Why You Shouldn’t Write Like Tolkien (Unless You Are Tolkien) - Part V
The Morality Of Middle-Earth: Part 2
Blauw Films
A Christian Tale: Aslan and Allegory
The hushed chapel was filled with the faint scent of incense and the glow of candles flickering against the stone walls. A boy sat on a pew, his hands crossed on his lap, and his head bowed. Even though he understood the Latin sermon spoken from the pulpit by Father Morgan, he allowed the music of the language to wash over him. His faith in God lay in just that... in the word ‘faith’. Fides in Latin. Fidelity. Trust. Faith. If he was to understand, to truly understand, the mysteries of God’s will, then there would be no reason to have faith in the first place. It was in the unspoken, unknown, unknowable mystery that he found peace.
He pulled the kneeler from the hook in front of him and lay it on the stone floor. He slowly lowered himself to his knees and rested his elbows softly on the pew in front. He clasped his hands and closed his eyes and, bathing in the slow, steady, rhythm of Father Morgan’s voice, he allowed himself to sink deeper, deeper still, into the depths above.
*
“I dislike allegory, whenever I smell it.”
Tolkien’s distaste for allegory was not a passing irritation. It was one of his most frequently repeated literary principles. In the foreword to The Lord of the Rings, he fervently declared:
“I cordially dislike allegory in all its manifestations, and always have done since I grew old and wary enough to detect its presence. I much prefer history, true or feigned, with its varied applicability to the thought and experience of readers.” (p.253)

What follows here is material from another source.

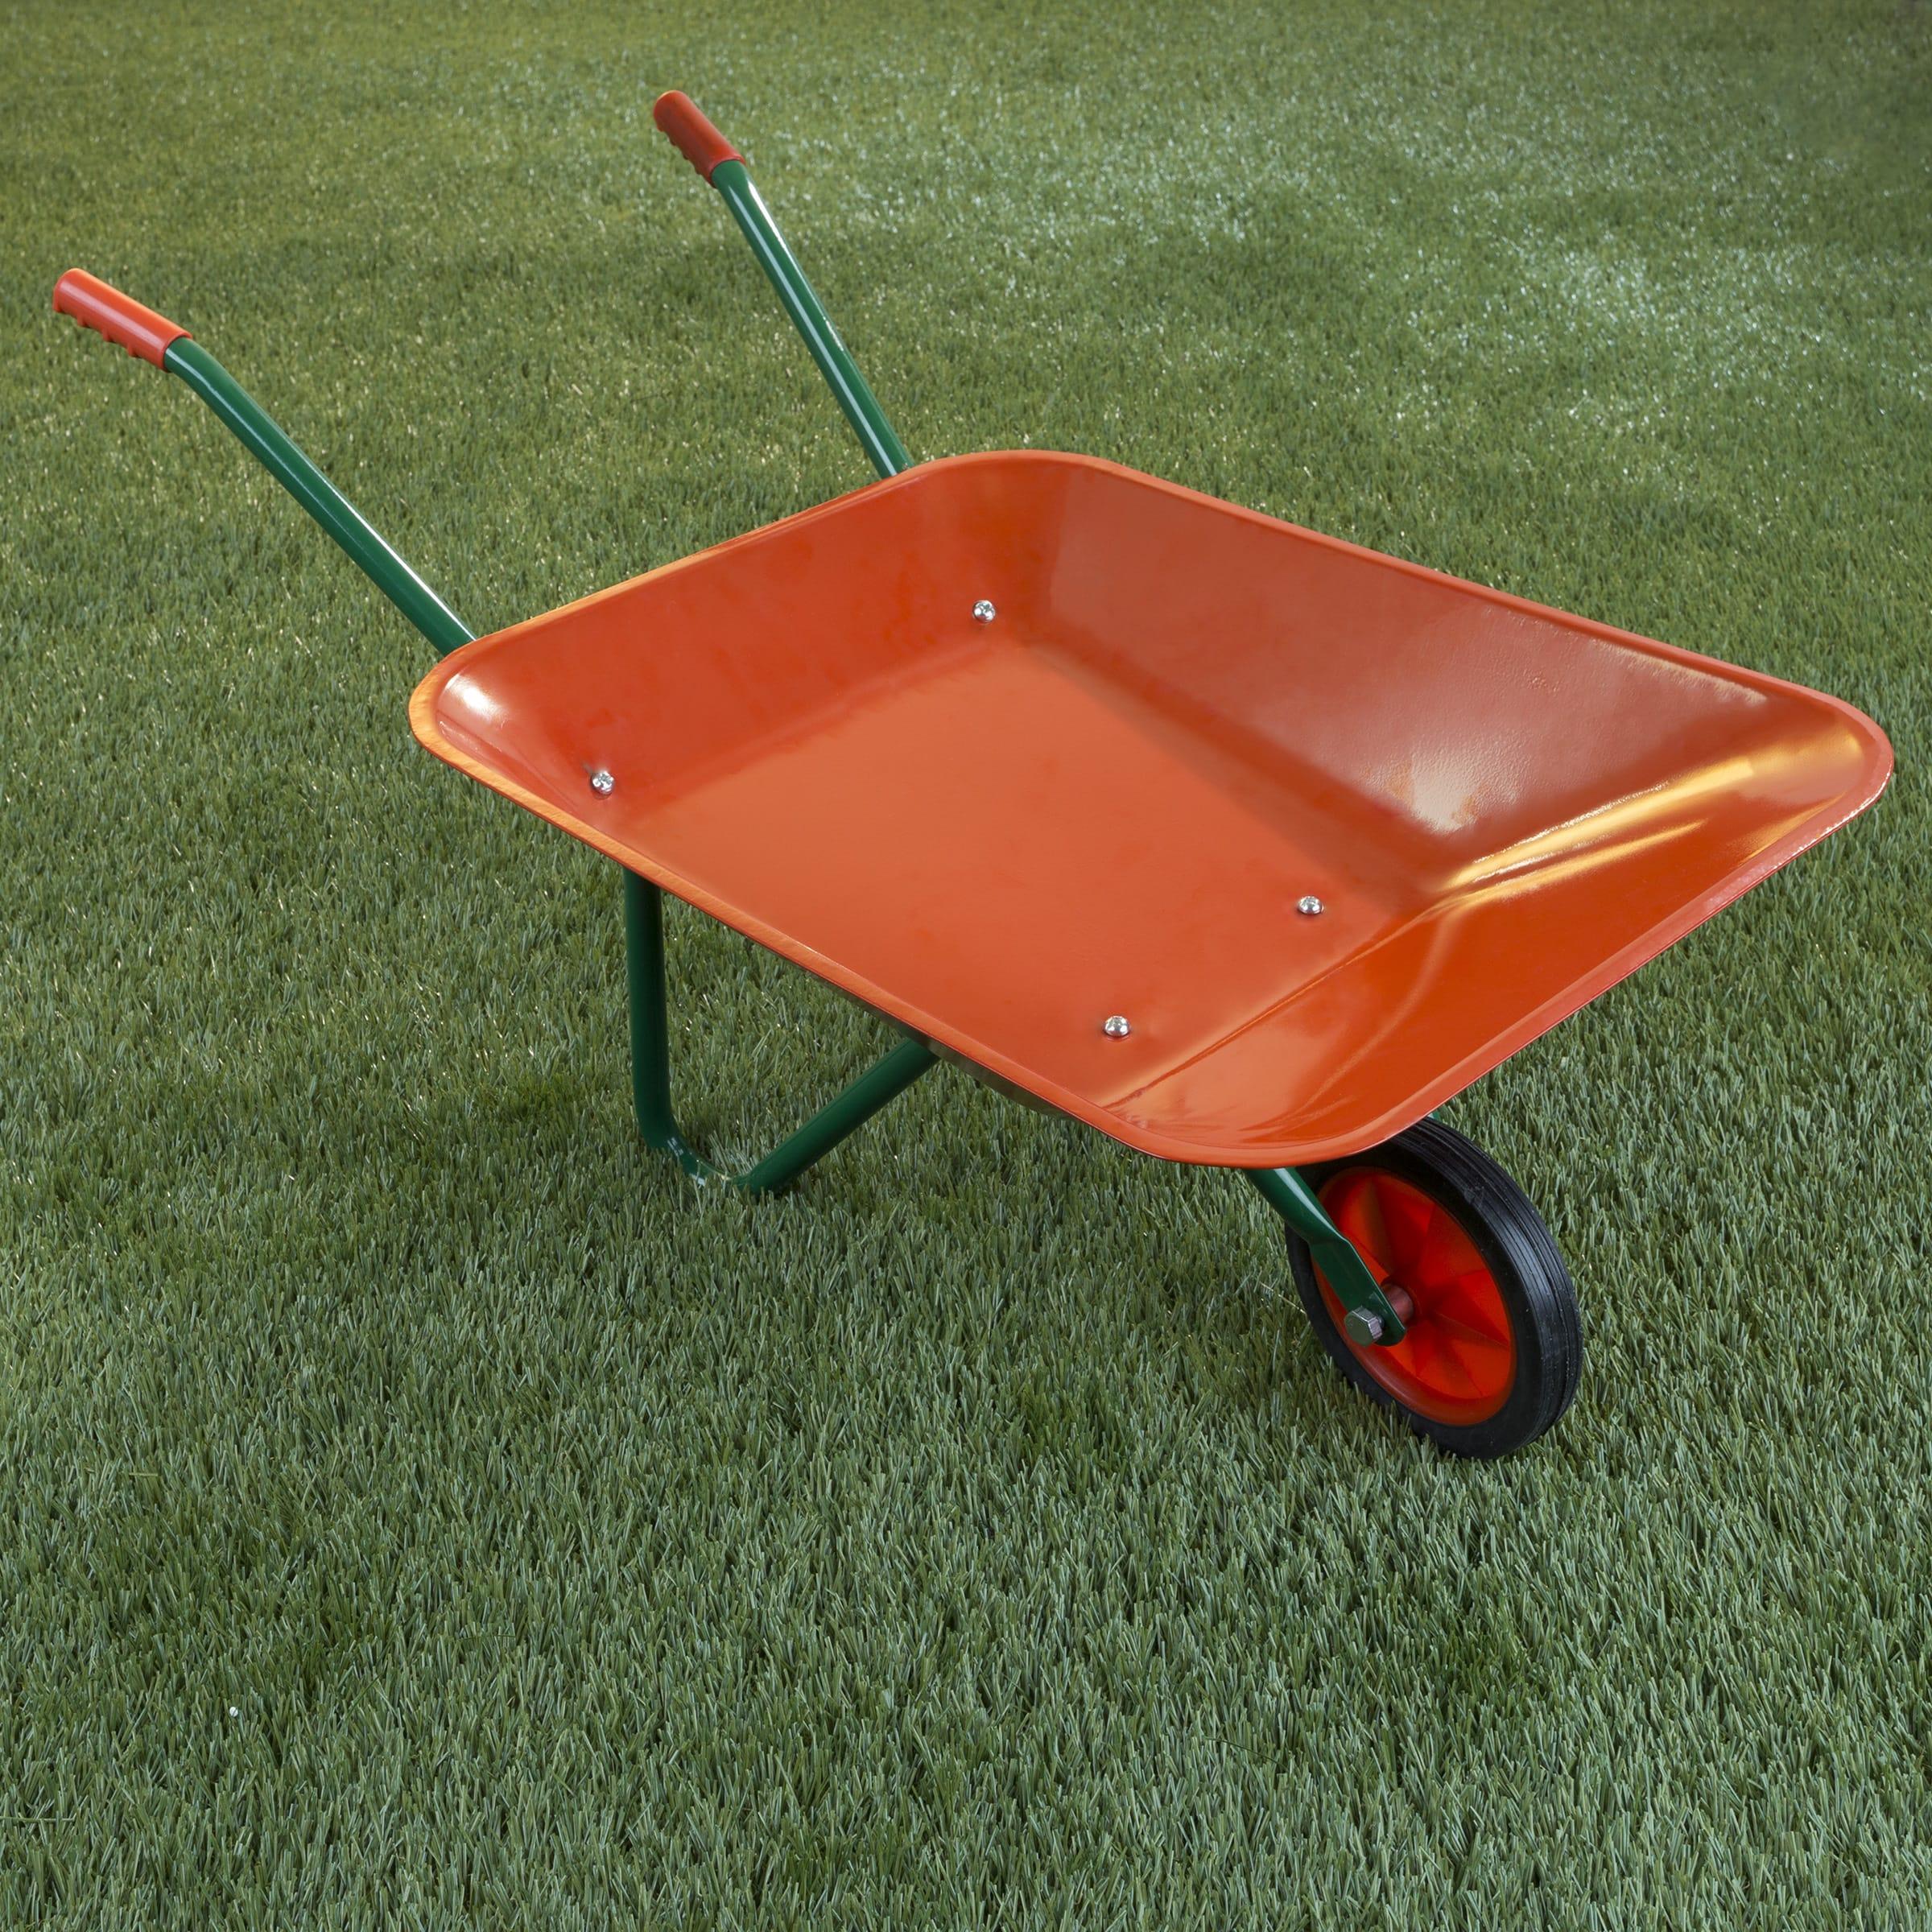 Shop Kidsu0027 Gardening Wheelbarrow   Free Shipping On Orders Over $45    Overstock.com   20378271

Tolkien himself rejected the idea that the moments that smelt like allegory were “allegory” for Christian doctrine. He instead preferred the idea of applicability. As Tom Shippey notes, the distinction is crucial: allegory is prescriptive, demanding the reader decode symbols and meaning in a fixed way; applicability is permissive, allowing the reader to draw their own moral or spiritual resonances from the work.
His faith however would be present in another way, not as an explicit sermon, but in the deep moral grammar of the world he created. Like his faith in God the meaning in his work lay in the mysterious depths and not on the surface, like in his contemporary and friend, C.S. Lewis’s, The Chronicles of Narnia.

Yet even though Tolkien wished readers to draw their own meaning from his work, that is not to say he did not consciously include religious ideas: Tolkien told a correspondent in 1953:
“The Lord of the Rings is of course a fundamentally religious and Catholic work; unconsciously at first, but consciously in the revision.”
Shippey points to one example of this subtle embedding: the Ring’s destruction on March 25, a date loaded with Christian significance. Gandalf tells Sam: “in Gondor the New Year will always now begin upon the twenty-fifth of March when Sauron fell, and when you were brought out of the fire to the King." This is ‘also the date of the Fall of Adam and Eve, the felix culpa whose disastrous effects the Annunciation and the Crucifixion were to annul or repair.’ (p.208).
Unlike his friend C.S. Lewis, Tolkien would never place an overtly Christ-like-figure at the centre of his story. Yet although there is no exact Christ figure in The Lord of the Rings, Frodo comes closest. Shippey cautions, however: “It would be quite wrong to suggest that he is a Christ-figure, an allegory of Christ… Yet he represents something related: perhaps, an image of natural humanity trying to do its best in native decency, trying to find its way from inertia (the Shire) past mere furious heroic dauntlessness (Boromir and the rest) to some limited success.” (p.187). Although it is not a direct allegory its seems to me that Frodo’s journey seems to reflect (albeit in a smudged and tarnished mirror), the struggle of Christ, or perhaps the struggle of man. Whatever you take away from it, it is clear that there are Christian undertones buried deeply in Tolkien’s work.
These undertones were shaped in part by his friendship, and disagreements, with C.S. Lewis. Wyatt North notes that “Tolkien and Lewis were actually quite suspicious and wary of one another… but before long their mutual interest in writing, mythology, and religion drew them together.” (p.55) Their theological imaginations diverged sharply in method. Lewis, in The Chronicles of Narnia, presented Aslan as an unmistakable Christ figure. Tolkien found such directness heavy-handed: “Allegory… is coercive, forcing the reader to see things in a certain way.” (p.82) In his view, myth, not allegory, was the more subtle and powerful vehicle for truth.
So what is this truth? This truth that is a fundamental part of Catholicism and so utterly shaped Tolkien’s worldview?
At the heart of his fiction lies a theme central to Catholic thought: death and mortality. As Tolkien himself put it, “Stories – frankly, human stories are always about one thing – death. The inevitability of death.”